Honestly, I'd say no. Reach and height have always been a big factor in a fight. Weight too. There's weight classes in fighting for a reason. As much as can be said for skill in a fight, I don't think it's necessary. Tech is simply better. There's a reason we use guns instead of swords in modern day fighting. If you can punt a Gnome... eh, well, fair enough. The tech makes up for it.


----------



## SMAndy85 (Jul 28, 2017)

Yes, reach and height are a big factor in a fight, but don't forget a Gnome might be able to use his comparatively diminutive stature to get closer and start the wrestling. If you're on the ground, height doesn't matter, and weight isn't as big an issue as you think it might be, because of leverage. If you're protecting your face from punches, or your gut from kicks, you can't throw them off as easily to get up.

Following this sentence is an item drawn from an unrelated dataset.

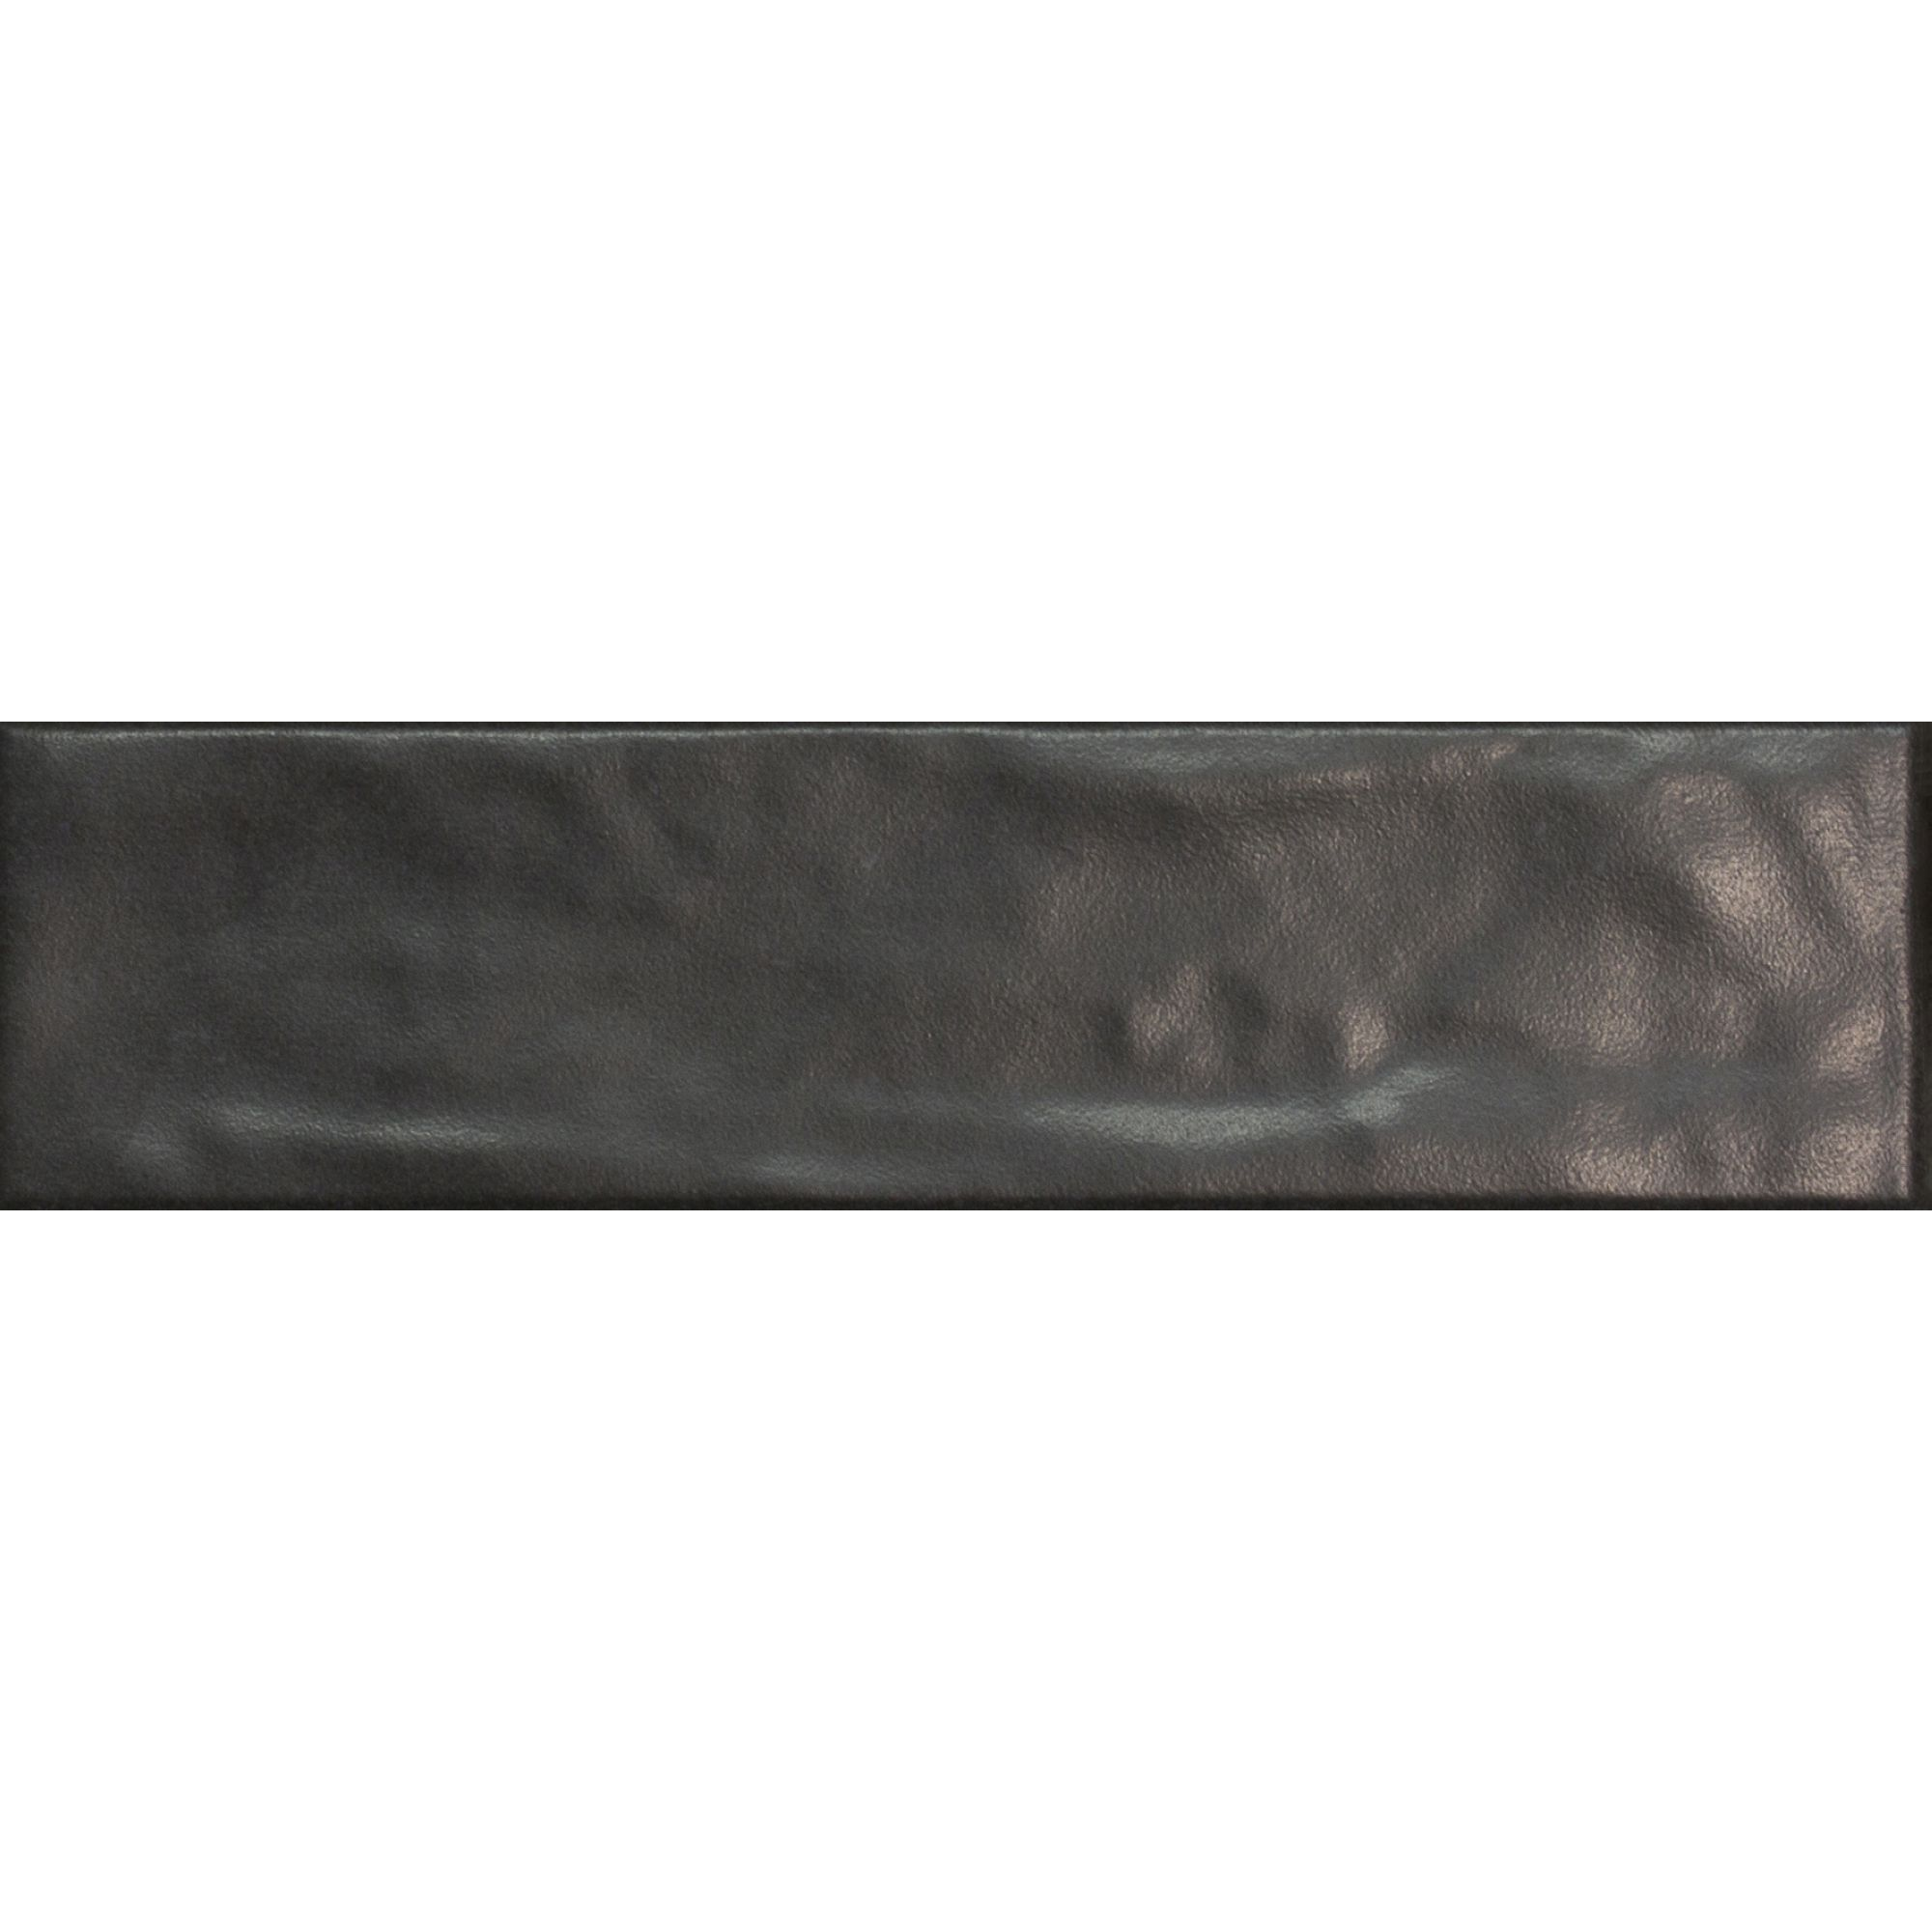 Wandfliese 'Tempo' grau/schwarz nuanciert 6,5 x 25 cm + product picture

I can imagine gnomes would be fierce infighters. With shorter arms, a one-inch-punch would become a half-inch-punch! they need less space to make full use of their strength.


----------



## CupofJoe (Jul 28, 2017)

One on one, with weapons and armour of comparable worth to each? Then I think that on average the Gnome is going down at some point. 
So why would it fight that way? 
If you are smaller [and proportionately weaker] than your opponent, you probably don't want to stand toe to toe with them trading blows. You would find another way. Technology would be one, Tactics another.
One advantage you might have is density.... 
Being smaller means that you could have more weapons in a given area... 
If I can get six Gnomes in to the same space as four humans, at least two of the humans are fighting two Gnomes each.


----------



## valiant12 (Jul 28, 2017)

Yes they can beat generick humans. Asuming they are a sophisticated culture , they would have good army organization and well made weapons. If they have better farming techniques they would be able to suport a bigger population and a bigger army compared to humans from  a similar size kingdom.


----------



## Viorp (Jul 28, 2017)

Depends if you look at mokeys. Chimpanzees and gorillas are smaller than humans, but a lot stronger.


----------



## Peregrine (Jul 28, 2017)

> Chimpanzees are shorter than that and will rough you up something fierce. Size doesn't matter as much as skeletal structure and muscle distribution.





> Depends if you look at mokeys. Chimpanzees and gorillas are smaller than humans, but a lot stronger



This seems like a wrong analogy.

Chimpanzees have stronger arms because they are *arboreal*, they move from a tree to another tree.

Notice that chimpanzees and most other great apes have longer arms such as orangutans, its because of moving from a tree to tree.,

When the human's evolutionary ancestors stopped being arboreal and start relying more on legs, the humans lost the arm strength their evolutionary ancestors had.

Consider the gnomes, do they spend whole life dwelling in the trees to have such strong arms?


----------



## Peregrine (Jul 28, 2017)

*What if the gnomes were robust and stout as dwarves?*

Would this make a difference in melee combat?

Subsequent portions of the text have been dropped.